- У нас нет выхода, мистер Дженкинс. На нашей старушке Земле сейчас ядерная зима. И продлится она минимум десять тысяч лет, - старый профессор грустно смотрел в экран внешнего обзора, где серый снег заметал развалины некогда большого и красивого города.
- Но ученые могут и ошибаться, - его коллега, молодой аспирант Дженкинс, тоже был в полнейшей депрессии. Однако врождённый оптимизм последнего помогал ему бороться с ней, хотя и весьма тривиальным способом - он продолжал уничтожать запасы спиртного, которое сейчас ценилось на вес золота.
- Дженкинс, вы бы оставили хотя бы пару литров спирта на нужды лаборатории.
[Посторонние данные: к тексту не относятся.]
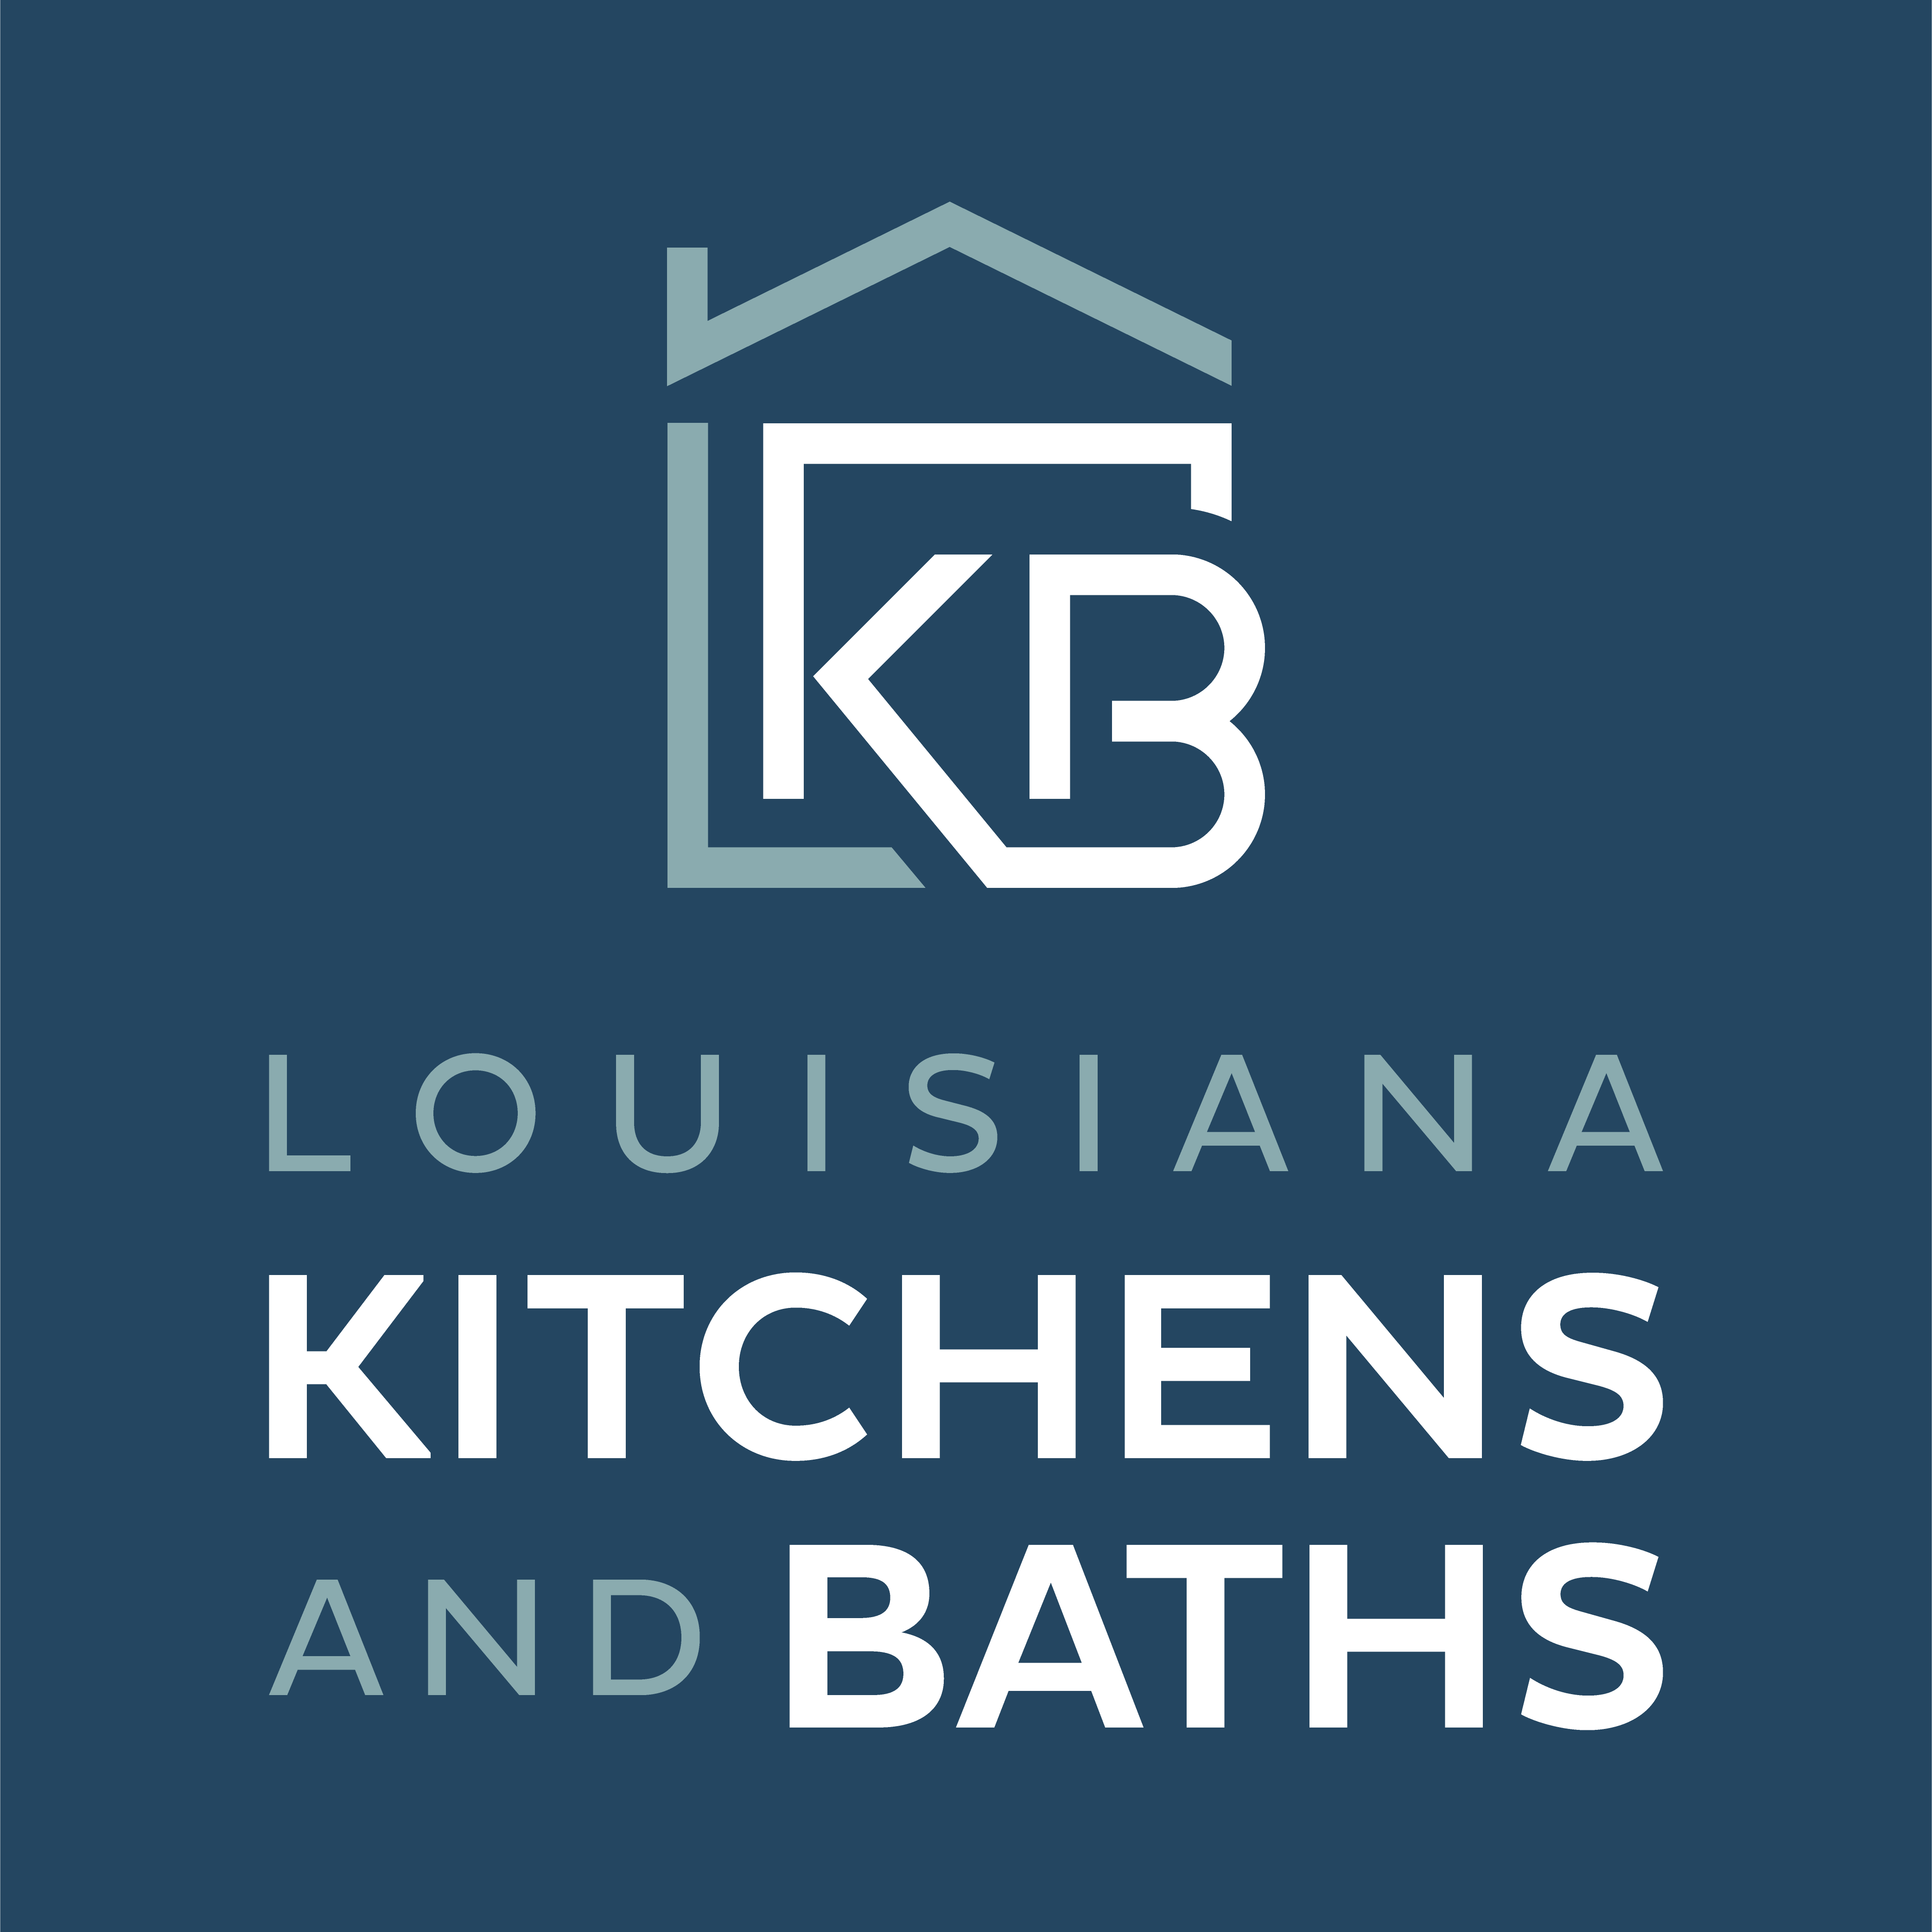 Louisiana Kitchens & Baths (negative) logo design by logo designer Freshwater Design for your inspiration and for the worlds largest logo competition

- Кому теперь нужна ваша лаборатория? Да и вся эта чёртова наука вообще?!
- Нам, Дженкинс. Вам и мне.
- Дойч, вы наивны, как ребенок. А если ТАМ будет все то же самое?
- Наши зонды засняли фильм.
- В самом деле?
- Хотите посмотреть?
- Обязательно. Вот только допью этот стакан...
- Если вы не прекратите ваш запой, я отправлюсь туда без вас.
- А вы справитесь?
- Совершенно спокойно.
- В таком случае, скатертью дорога. Ваши мозги, Дойч, нужны человечеству. Это последнее, что у него осталось.
- Вы называете человечеством эту горстку мерзавцев, которые сейчас как пауки в банке пожирают друг друга?
- Ну да, конечно, вы один хороший.
- Я этого не говорил.
- Оставьте, Дойч. Вы всегда были эгоцентриком. Впрочем, может в этом и есть доля истины. Вы же теперь как Бог - держите в руках целую Вселенную!
- Вы тоже можете ее подержать. Как и любой человек, который возьмет этот кварк в руки. В конце концов, это самая обычная сфера Пуанкаре...
- С ума сойти! На этот эксперимент ушла энергия равная мощности пятисот водородных бомб!
- Именно поэтому нам разрешили проводить его только сейчас, когда наша планета превратилась в холодную пустыню. Теперь ей уже ничего навредить не сможет...
- Кстати, что вы сказали начальству?
- Я дал рапорт, что у нас ничего не получилось.
- Но ведь это неправда.
- Да. Первый раз в жизни я солгал.
- Вы эгоист, Дойч. Хотите единолично воспользоваться результатами?
- Просто не хочу, чтобы эти ублюдки погубили и ту, другую Землю.
- Как так, другую?
- Видите ли, Дженкинс, этот монокварк, который мы получили, является на самом деле не нашей вселенной, а ее копией, в этом же времени, но в ином пространстве. Там происходят те события, которые могли бы произойти в нашей вселенной, но по каким-то причинам не произошли.
- Ну да, понимаю. Старая теория в новой интерпретации. У нас кубик падает шестой гранью, а там первой. Или, например, четвертой.
- Между прочим, все сходится - число таких вселенных может быть бесконечным, так же как бесконечно число кварков в нашей вселенной.
- Скорее, не бесконечно, а неопределенно.
- Ну да. И если вселенные могут отличаться на микроуровне малейшими отклонениями в распределениях и взаимодействиях частиц, то, как и частиц, их должно быть столько же много.
- Не столько же, а во много раз больше. Ведь одни и те же частицы взаимодействуют друг с другом бесконечное число раз. Умножим число частиц на число взаимодействий, получим общее число вселенных.
- Ваше утверждение безграмотно по своей сути. Я то сказал о частицах так, для общей картины. А если быть точным до конца, то число паравселенных измеряется совсем иначе.
- Как же?
- Грубо говоря, как число квантов пространства-времени во всей вселенной.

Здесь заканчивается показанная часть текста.